* Work request: Repeat the whole of the data, keeping every detail the same.

* Provided material:

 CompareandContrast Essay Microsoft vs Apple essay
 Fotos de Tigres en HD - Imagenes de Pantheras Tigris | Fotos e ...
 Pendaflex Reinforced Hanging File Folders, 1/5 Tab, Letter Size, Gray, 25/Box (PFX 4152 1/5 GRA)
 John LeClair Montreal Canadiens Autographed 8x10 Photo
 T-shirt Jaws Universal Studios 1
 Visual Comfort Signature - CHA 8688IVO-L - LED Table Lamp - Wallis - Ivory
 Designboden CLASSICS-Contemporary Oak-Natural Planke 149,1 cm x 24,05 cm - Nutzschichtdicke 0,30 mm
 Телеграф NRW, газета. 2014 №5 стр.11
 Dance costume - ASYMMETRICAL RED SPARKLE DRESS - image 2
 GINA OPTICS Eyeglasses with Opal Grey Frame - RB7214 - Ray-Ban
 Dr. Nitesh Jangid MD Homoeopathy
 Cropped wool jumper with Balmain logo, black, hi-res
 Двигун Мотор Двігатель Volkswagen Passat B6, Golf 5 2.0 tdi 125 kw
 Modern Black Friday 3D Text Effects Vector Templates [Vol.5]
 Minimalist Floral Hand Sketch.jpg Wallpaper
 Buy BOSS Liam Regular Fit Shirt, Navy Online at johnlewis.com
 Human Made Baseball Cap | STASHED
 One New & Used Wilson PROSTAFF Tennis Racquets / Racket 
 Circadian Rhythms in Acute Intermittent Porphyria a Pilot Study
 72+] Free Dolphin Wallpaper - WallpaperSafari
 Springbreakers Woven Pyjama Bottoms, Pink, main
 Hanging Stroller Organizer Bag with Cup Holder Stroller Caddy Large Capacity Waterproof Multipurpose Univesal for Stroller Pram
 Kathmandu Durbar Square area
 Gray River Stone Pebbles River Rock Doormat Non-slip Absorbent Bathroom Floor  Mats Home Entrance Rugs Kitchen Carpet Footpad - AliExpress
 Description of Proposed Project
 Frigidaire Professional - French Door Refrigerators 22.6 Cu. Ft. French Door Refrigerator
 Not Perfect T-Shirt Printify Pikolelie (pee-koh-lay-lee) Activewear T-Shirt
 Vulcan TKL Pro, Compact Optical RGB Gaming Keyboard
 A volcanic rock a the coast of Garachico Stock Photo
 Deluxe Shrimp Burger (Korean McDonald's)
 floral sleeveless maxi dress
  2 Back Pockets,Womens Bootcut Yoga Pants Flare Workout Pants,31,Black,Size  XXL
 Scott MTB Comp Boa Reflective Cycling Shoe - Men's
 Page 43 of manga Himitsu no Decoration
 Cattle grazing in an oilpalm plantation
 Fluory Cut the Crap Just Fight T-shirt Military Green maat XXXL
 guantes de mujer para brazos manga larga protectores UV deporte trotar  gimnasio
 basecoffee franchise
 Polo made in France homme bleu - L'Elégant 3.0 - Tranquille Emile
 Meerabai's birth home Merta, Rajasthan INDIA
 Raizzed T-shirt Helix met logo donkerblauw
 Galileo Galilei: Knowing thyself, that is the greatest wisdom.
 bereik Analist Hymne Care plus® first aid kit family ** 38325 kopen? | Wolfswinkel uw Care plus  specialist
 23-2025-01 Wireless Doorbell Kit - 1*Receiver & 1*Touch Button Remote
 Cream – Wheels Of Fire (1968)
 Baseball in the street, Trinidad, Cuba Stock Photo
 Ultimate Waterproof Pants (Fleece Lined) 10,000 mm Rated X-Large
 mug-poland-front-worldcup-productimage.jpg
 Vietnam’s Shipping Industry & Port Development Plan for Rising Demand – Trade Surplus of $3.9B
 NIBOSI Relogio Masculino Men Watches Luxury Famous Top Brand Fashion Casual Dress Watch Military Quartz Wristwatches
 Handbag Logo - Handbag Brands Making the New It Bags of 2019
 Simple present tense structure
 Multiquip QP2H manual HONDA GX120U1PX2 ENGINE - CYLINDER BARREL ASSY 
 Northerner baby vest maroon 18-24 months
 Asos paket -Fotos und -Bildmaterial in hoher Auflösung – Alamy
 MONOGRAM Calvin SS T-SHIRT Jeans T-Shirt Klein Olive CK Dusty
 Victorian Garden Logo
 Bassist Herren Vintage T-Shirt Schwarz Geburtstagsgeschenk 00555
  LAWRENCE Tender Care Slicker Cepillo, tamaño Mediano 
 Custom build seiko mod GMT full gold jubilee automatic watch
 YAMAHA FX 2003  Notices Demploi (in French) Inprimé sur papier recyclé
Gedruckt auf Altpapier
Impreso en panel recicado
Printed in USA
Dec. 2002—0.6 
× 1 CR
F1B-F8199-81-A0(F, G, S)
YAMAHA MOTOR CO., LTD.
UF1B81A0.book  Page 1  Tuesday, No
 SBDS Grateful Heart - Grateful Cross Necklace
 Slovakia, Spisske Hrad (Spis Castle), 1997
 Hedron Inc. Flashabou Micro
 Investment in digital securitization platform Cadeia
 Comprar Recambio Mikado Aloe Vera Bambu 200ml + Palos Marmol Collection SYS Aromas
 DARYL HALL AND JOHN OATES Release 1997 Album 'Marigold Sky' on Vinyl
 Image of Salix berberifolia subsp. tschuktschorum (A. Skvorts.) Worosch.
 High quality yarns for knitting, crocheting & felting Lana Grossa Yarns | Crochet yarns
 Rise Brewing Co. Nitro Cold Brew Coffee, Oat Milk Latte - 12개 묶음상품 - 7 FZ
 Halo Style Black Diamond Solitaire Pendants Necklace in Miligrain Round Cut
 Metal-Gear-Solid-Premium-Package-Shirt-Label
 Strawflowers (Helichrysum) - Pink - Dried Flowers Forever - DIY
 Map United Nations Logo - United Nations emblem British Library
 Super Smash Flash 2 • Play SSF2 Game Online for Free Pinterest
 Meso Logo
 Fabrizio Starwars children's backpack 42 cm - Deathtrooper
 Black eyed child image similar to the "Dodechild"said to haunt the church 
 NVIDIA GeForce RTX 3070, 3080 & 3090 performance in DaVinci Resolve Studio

* Result for this task:
 CompareandContrast Essay Microsoft vs Apple essay
 Fotos de Tigres en HD - Imagenes de Pantheras Tigris | Fotos e ...
 Pendaflex Reinforced Hanging File Folders, 1/5 Tab, Letter Size, Gray, 25/Box (PFX 4152 1/5 GRA)
 John LeClair Montreal Canadiens Autographed 8x10 Photo
 T-shirt Jaws Universal Studios 1
 Visual Comfort Signature - CHA 8688IVO-L - LED Table Lamp - Wallis - Ivory
 Designboden CLASSICS-Contemporary Oak-Natural Planke 149,1 cm x 24,05 cm - Nutzschichtdicke 0,30 mm
 Телеграф NRW, газета. 2014 №5 стр.11
 Dance costume - ASYMMETRICAL RED SPARKLE DRESS - image 2
 GINA OPTICS Eyeglasses with Opal Grey Frame - RB7214 - Ray-Ban
 Dr. Nitesh Jangid MD Homoeopathy
 Cropped wool jumper with Balmain logo, black, hi-res
 Двигун Мотор Двігатель Volkswagen Passat B6, Golf 5 2.0 tdi 125 kw
 Modern Black Friday 3D Text Effects Vector Templates [Vol.5]
 Minimalist Floral Hand Sketch.jpg Wallpaper
 Buy BOSS Liam Regular Fit Shirt, Navy Online at johnlewis.com
 Human Made Baseball Cap | STASHED
 One New & Used Wilson PROSTAFF Tennis Racquets / Racket 
 Circadian Rhythms in Acute Intermittent Porphyria a Pilot Study
 72+] Free Dolphin Wallpaper - WallpaperSafari
 Springbreakers Woven Pyjama Bottoms, Pink, main
 Hanging Stroller Organizer Bag with Cup Holder Stroller Caddy Large Capacity Waterproof Multipurpose Univesal for Stroller Pram
 Kathmandu Durbar Square area
 Gray River Stone Pebbles River Rock Doormat Non-slip Absorbent Bathroom Floor  Mats Home Entrance Rugs Kitchen Carpet Footpad - AliExpress
 Description of Proposed Project
 Frigidaire Professional - French Door Refrigerators 22.6 Cu. Ft. French Door Refrigerator
 Not Perfect T-Shirt Printify Pikolelie (pee-koh-lay-lee) Activewear T-Shirt
 Vulcan TKL Pro, Compact Optical RGB Gaming Keyboard
 A volcanic rock a the coast of Garachico Stock Photo
 Deluxe Shrimp Burger (Korean McDonald's)
 floral sleeveless maxi dress
  2 Back Pockets,Womens Bootcut Yoga Pants Flare Workout Pants,31,Black,Size  XXL
 Scott MTB Comp Boa Reflective Cycling Shoe - Men's
 Page 43 of manga Himitsu no Decoration
 Cattle grazing in an oilpalm plantation
 Fluory Cut the Crap Just Fight T-shirt Military Green maat XXXL
 guantes de mujer para brazos manga larga protectores UV deporte trotar  gimnasio
 basecoffee franchise
 Polo made in France homme bleu - L'Elégant 3.0 - Tranquille Emile
 Meerabai's birth home Merta, Rajasthan INDIA
 Raizzed T-shirt Helix met logo donkerblauw
 Galileo Galilei: Knowing thyself, that is the greatest wisdom.
 bereik Analist Hymne Care plus® first aid kit family ** 38325 kopen? | Wolfswinkel uw Care plus  specialist
 23-2025-01 Wireless Doorbell Kit - 1*Receiver & 1*Touch Button Remote
 Cream – Wheels Of Fire (1968)
 Baseball in the street, Trinidad, Cuba Stock Photo
 Ultimate Waterproof Pants (Fleece Lined) 10,000 mm Rated X-Large
 mug-poland-front-worldcup-productimage.jpg
 Vietnam’s Shipping Industry & Port Development Plan for Rising Demand – Trade Surplus of $3.9B
 NIBOSI Relogio Masculino Men Watches Luxury Famous Top Brand Fashion Casual Dress Watch Military Quartz Wristwatches
 Handbag Logo - Handbag Brands Making the New It Bags of 2019
 Simple present tense structure
 Multiquip QP2H manual HONDA GX120U1PX2 ENGINE - CYLINDER BARREL ASSY 
 Northerner baby vest maroon 18-24 months
 Asos paket -Fotos und -Bildmaterial in hoher Auflösung – Alamy
 MONOGRAM Calvin SS T-SHIRT Jeans T-Shirt Klein Olive CK Dusty
 Victorian Garden Logo
 Bassist Herren Vintage T-Shirt Schwarz Geburtstagsgeschenk 00555
  LAWRENCE Tender Care Slicker Cepillo, tamaño Mediano 
 Custom build seiko mod GMT full gold jubilee automatic watch
 YAMAHA FX 2003  Notices Demploi (in French) Inprimé sur papier recyclé
Gedruckt auf Altpapier
Impreso en panel recicado
Printed in USA
Dec. 2002—0.6 
× 1 CR
F1B-F8199-81-A0(F, G, S)
YAMAHA MOTOR CO., LTD.
UF1B81A0.book  Page 1  Tuesday, No
 SBDS Grateful Heart - Grateful Cross Necklace
 Slovakia, Spisske Hrad (Spis Castle), 1997
 Hedron Inc. Flashabou Micro
 Investment in digital securitization platform Cadeia
 Comprar Recambio Mikado Aloe Vera Bambu 200ml + Palos Marmol Collection SYS Aromas
 DARYL HALL AND JOHN OATES Release 1997 Album 'Marigold Sky' on Vinyl
 Image of Salix berberifolia subsp. tschuktschorum (A. Skvorts.) Worosch.
 High quality yarns for knitting, crocheting & felting Lana Grossa Yarns | Crochet yarns
 Rise Brewing Co. Nitro Cold Brew Coffee, Oat Milk Latte - 12개 묶음상품 - 7 FZ
 Halo Style Black Diamond Solitaire Pendants Necklace in Miligrain Round Cut
 Metal-Gear-Solid-Premium-Package-Shirt-Label
 Strawflowers (Helichrysum) - Pink - Dried Flowers Forever - DIY
 Map United Nations Logo - United Nations emblem British Library
 Super Smash Flash 2 • Play SSF2 Game Online for Free Pinterest
 Meso Logo
 Fabrizio Starwars children's backpack 42 cm - Deathtrooper
 Black eyed child image similar to the "Dodechild"said to haunt the church 
 NVIDIA GeForce RTX 3070, 3080 & 3090 performance in DaVinci Resolve Studio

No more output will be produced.